Through a yawn, she suggested ice water compresses for the sting area and some extra strength pain reliever for the big guy groaning in the background. She told me that the pain would subside in 4-6 hours, but that he should go to an emergency room if he starts to have any trouble breathing. I was okay with that. We have always had a standing rule in our house; anyone who turns blue gets a free trip to the hospital.

Major symptoms of a sting start within the hour and my husband’s did just that. First his eyes started fluttering. Under different circumstances, I would have thought he was being sexy. After that, the muscles in his arms and back started to twitch in a random pattern. We both watched with unabashed fascination, like a couple of mad scientists.

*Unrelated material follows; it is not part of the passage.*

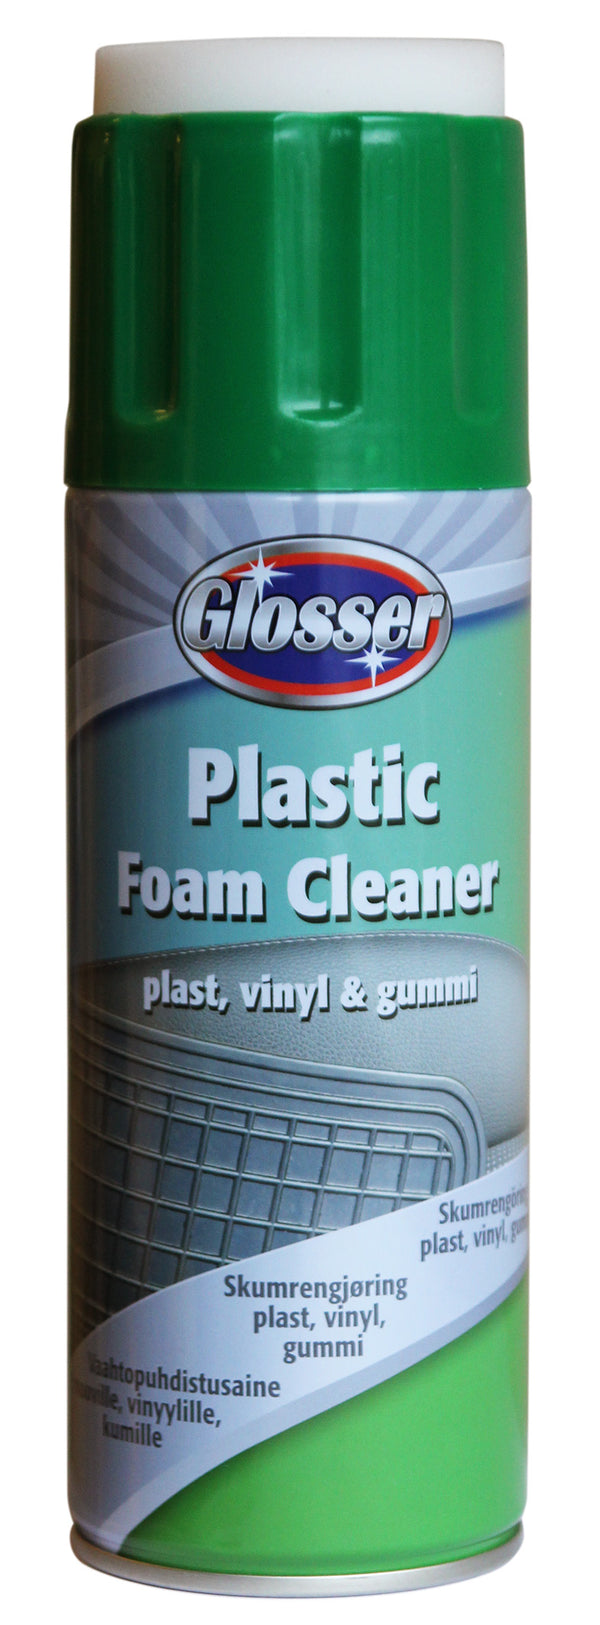 Glosser Foamcleaner Plastic 450ml

He commented more than once that the pain in the sting area was the most intense he had ever experienced.

Even an unimaginably small amount of neurotoxin from the bark scorpion can lead to a large variety of symptoms. Some people experience numbness or tingling in their face and extremities. Others have problems with slurred speech or drooling. Kids often get irritable or hyperactive after a sting. The very worst-case scenarios, though, can have people on ventilators or heart complications. The vast majority recovers quickly and never has to see an emergency room.

It was almost anticlimactic. With all the fear of scorpions and their mythic sting, you’d think that my husband could do something more than make googly eyes at me. Remember James Bond in “Diamonds Are Forever?” One of the bad guys sticks a scorpion down the back of another guy’s shirt and he instantly keels over. Remember that? A scene like that can go a long way toward insuring the belief that once stung a person should immediately begin reviewing their last will and testament.

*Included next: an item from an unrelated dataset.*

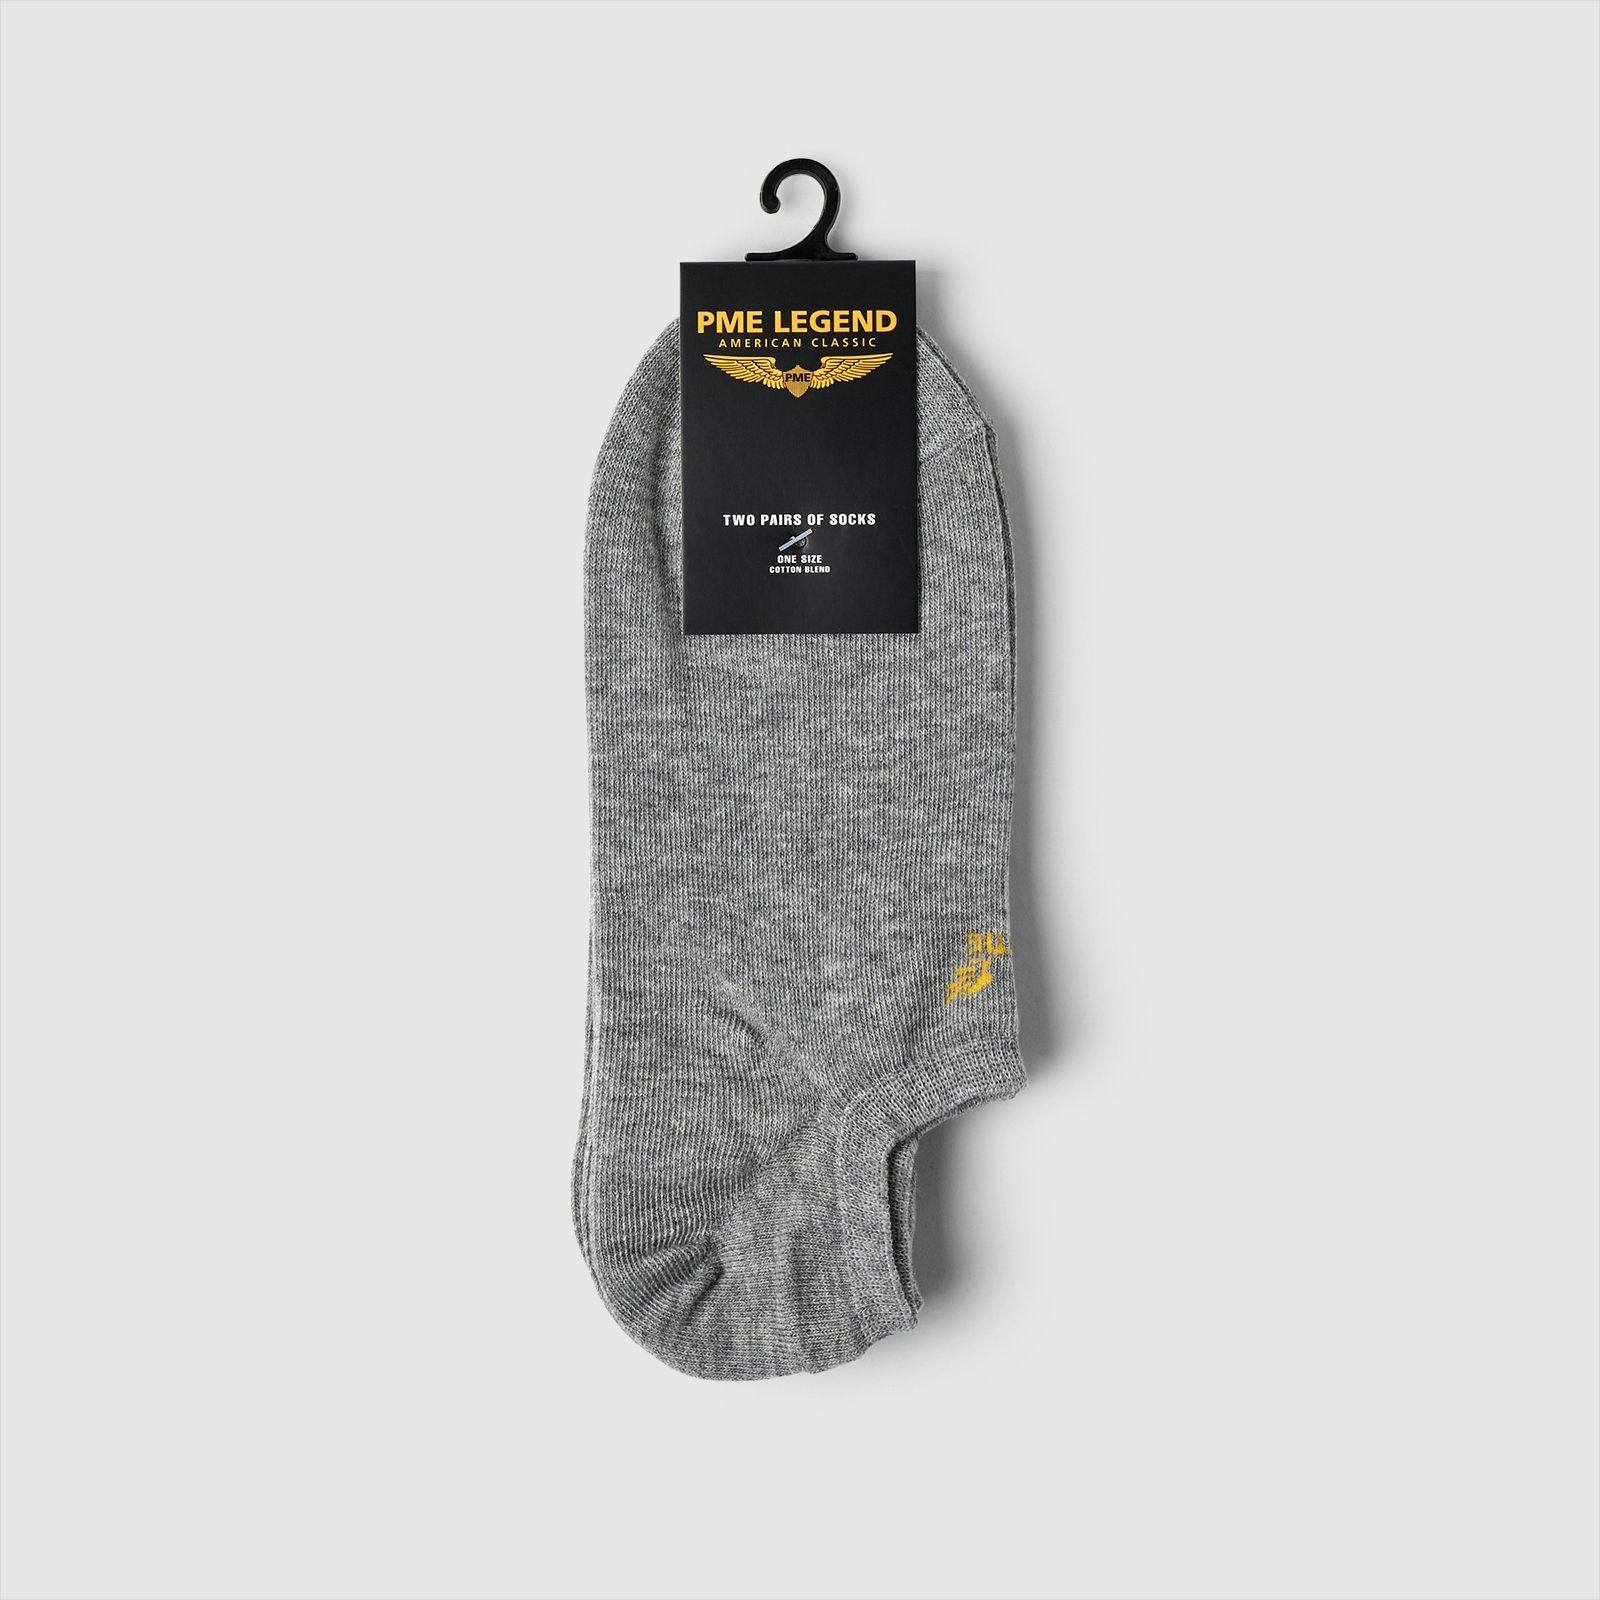 Pme Legend Socks Cotton blend 2-pack Grey 00105305-961

The lethal character of scorpions is so entrenched in the human imagination that even my daughter, after she heard that her father had been stung during the night, asked, in all her childish seriousness, “Did he die?” Since he was walking through the room when she wanted to know this, I had to direct her attention to his living, breathing person. It wasn’t true disappointment that crossed her face, but puzzlement. The stories that she had taken as gospel from her teachers and from her mother turned out not to be true.

I wonder how many ways that guy from Vermont thought that he was going to die when a stowaway scorpion made its way up one leg of his pants and down the other leg on a flight from Chicago to Burlington. The little critter stung him twice, once on the way in and once on the way out. He’s fortunate he got stung on the legs and not on a more vulnerable area. The airline fell all over themselves trying to make sure he wasn’t too unhappy about the incident. With so many people overly sensitive to the dangers of flying, they don’t need any more bases for phobias.

I don’t suppose we should have been too startled to find a scorpion getting cozy with us in our bed or on a jet taking off from Chicago. That little guy and his forebears have been hanging around this planet for 430 million years. They’re just reminding us who was here first. In the critter game of “Survivor”, scorpions win every time. Humans aren’t even a blip on the scorpion’s evolutionary radar.

They can survive years in stasis, without eating or drinking. They can be submerged in water for over two days and shake off the dunking. They can put off the birth of their babies for a year. They can live from 3 to 25 years, depending on the species. They can survive being frozen or broiled by desert temperatures. Our little bark scorpion friends can climb up a smooth wall and take a stroll on the ceiling. They, like Donna Summer, will survive.

In fact, any exterminator who says he can eliminate scorpions by spraying the baseboards of your home probably has a nice bridge he can sell you. Scorpions are impervious to poisons, for the most part. They don’t clean themselves like most insects do, so they don’t ingest the poison that is so cleverly designed to kill them. The smart exterminator won’t try to sell you ineffective poisons. He’s going to try to sell you something far, far more expensive and only a little bit more effective.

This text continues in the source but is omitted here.